Tracking Trade Conflicts in Asia and Mexico

summary

  • An Asian Perspective On Trade
  • Mexico Becomes The Second Front

When I scheduled my annual trip to Asia earlier this year, I was hopeful that trade frictions with China would be resolved before the journey. Instead, the acrimony between the main antagonists has increased. While this made my conversations more difficult, it also increased their value. Here are the main takeaways I gleaned from my long series of interactions across four countries late last month.

  • It is hard to overstate the differences in style between China and the United States. The Chinese are measured, patient and subtle. They view Washington’s posture as impulsive and unproductive. Several people in Beijing referred to the increase in tariffs and the restrictions placed on Huawei (China’s champion telecommunications firm) as “not the actions of a trusted partner.”

    There are certainly those in the United States who would assert that China has not been a trusted partner, given its alleged theft of intellectual property and its failure to deliver on promised economic reform. Hard-liners in Washington believe China has evaded these issues for far too long, and tough tactics are warranted. Indeed, by subjecting them to a measure of economic discomfort, these measures have gotten the attention of the Chinese.

    Weekly Economic Commentary Chart 1 - 06/07/19

    Tactics aside, the central question is whether America and China can reset the terms of their trade relationship without significantly disrupting the world economy. The rising antipathy between the two could place the global expansion in peril.
  • Developing countries reliant on commerce with China or the U.S. find themselves caught in the middle. Several nations in Asia are heavily dependent on exports for economic growth, and their trade flows are already constricting. (No matter how many times I visit the region, I am always amazed by the number of container ships lined up outside of the ports of Hong Kong and Singapore.)

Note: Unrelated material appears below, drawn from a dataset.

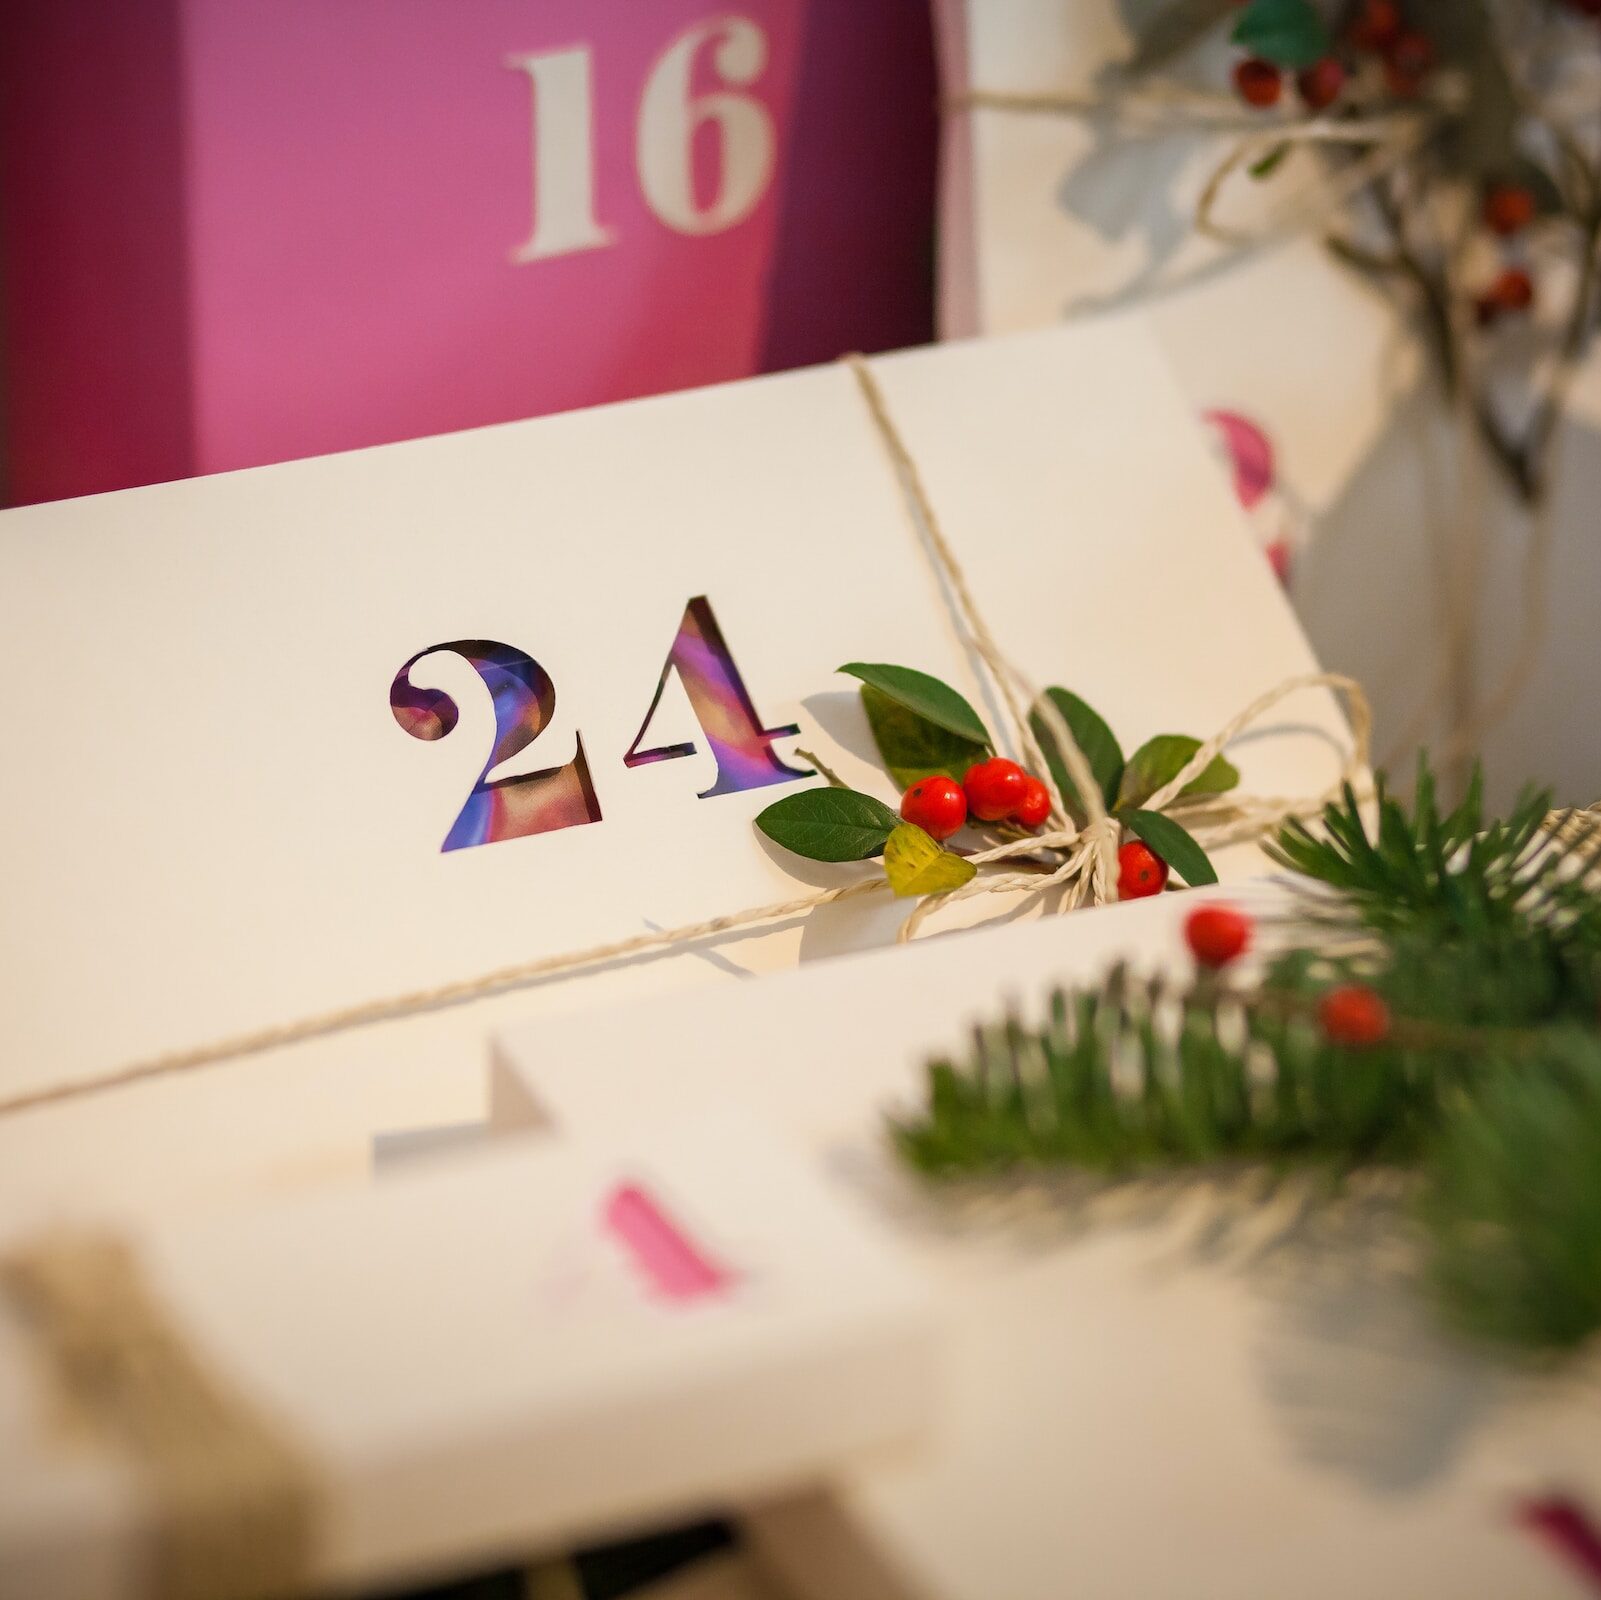 An Advent Calendar style set of boxes in pink and white, with the 24th box in the centre and pieces of holly around it to celebrate Christmas Eve.

    Even if the rhetoric eases and discussions resume, the resulting uncertainty surrounding the situation is harmful to commerce. Confidence and investment indicators from around the world are slipping, presaging slower growth in the second half of the year. Australia’s central bank cut its interest rates this week; the Federal Reserve may be forced to follow in the second half of this year.

    “Rising trade tensions are creating unwelcome uncertainty.”
  • China is taking aggressive steps to offset the trade conflict’s contractionary influence, including tax cuts, infrastructure spending and increased lending to small and medium-sized businesses. During a conference I addressed in Beijing, senior policy makers repeatedly stressed the importance of supporting the flow of credit to entrepreneurs. In total, the measures amount to the sizable sum of about 2% of Chinese gross domestic product (GDP).

    The reservoir of options for China remains fairly deep, but could come at the long-term cost of financial stability. Until last summer, China had been waging a successful battle against credit excesses. The trade conflict has forced the country to retreat, at least for now.